Hamhung Royal Villa (Hangul: 함흥본궁, Hanja: 咸興本宮) is a villa located in Sonamudong, Sapogu Station, Hamhung. Designated National Treasure no. 107 of North Korea, the villa was the residence of Yi Seong-gye before he founded the Joseon Dynasty. The villa was also the birthplace Taejo's older offspring, including his second son (Yi Bang-gwa, 1357–1419, later Jeongjong of Joseon, the second king) and his fifth son (Yi Bang-won, 1367–1422, later Taejong of Joseon, the third king). After he abdicated in 1398 in favor of Jeongjong, Taejo rebuilt his residence at the site of his ancestor's land.

History

The founder of Joseon had lived here before he came to Hanyang to move the formal capital, Kaesong of Goryeo to the new land. After his second son succeeded the power, however, he did not stay at Hanyang, hoping to go to Hamhung.

At the time, there were several conflicts among his sons to take the throne and several faithful subjects were murdered amid the rebellions. The center of the bloody rebellion was the fifth son, almost forcing his brother to leave the throne. Angered by this incident, the founder did not encounter any envoys sent by his fifth son, Taejong of Joseon who eventually gained power as the third king. Taejo used to kill or confine the envoys. This became the root of the Korean proverb, 함흥차사 (Hamhungchasa): he went in - he never came back.

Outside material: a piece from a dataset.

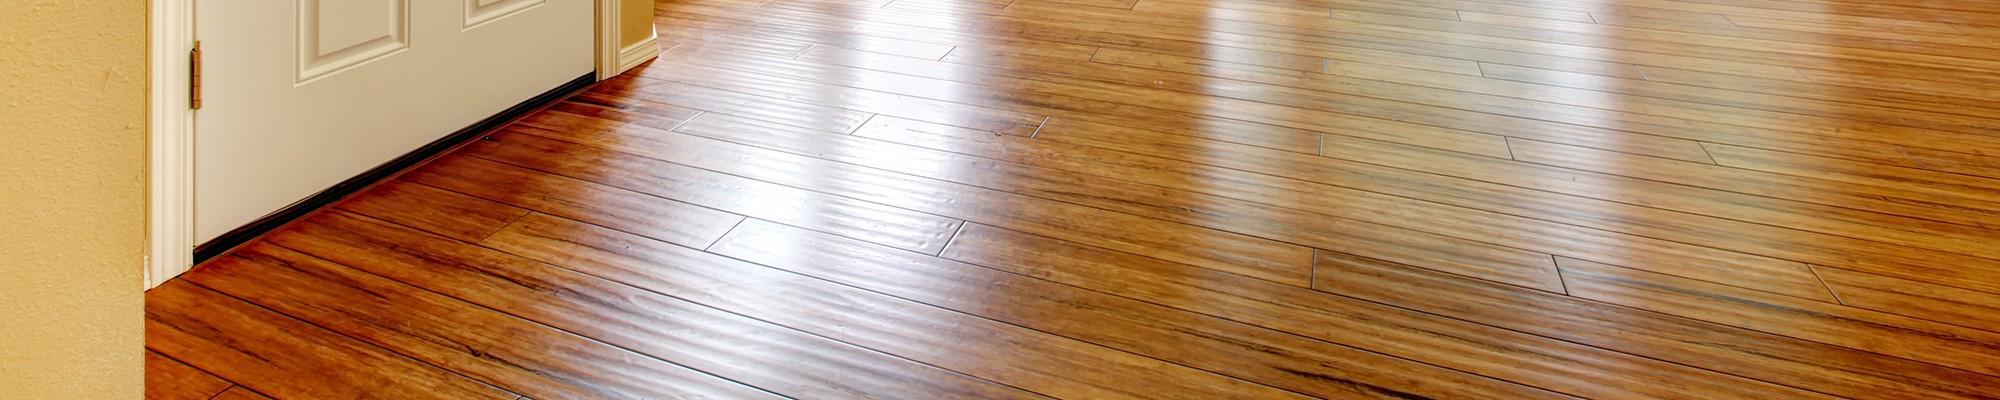 hardwood flooring duluth mn of hardwood floor refinishing hardwood floor staining duluth mn with regard to 121214361

After the death of Taejo, the villa was used as the shrine to pay tribute for his family over 4 generations. The villa firstly featured royal architecture and norms, but the original structure was set on fire during Japanese invasions of Korea (1592–1598) and it was rebuilt in the late 17th century. Although some parts of the villa were destroyed during the Korean War, most parts have been restored.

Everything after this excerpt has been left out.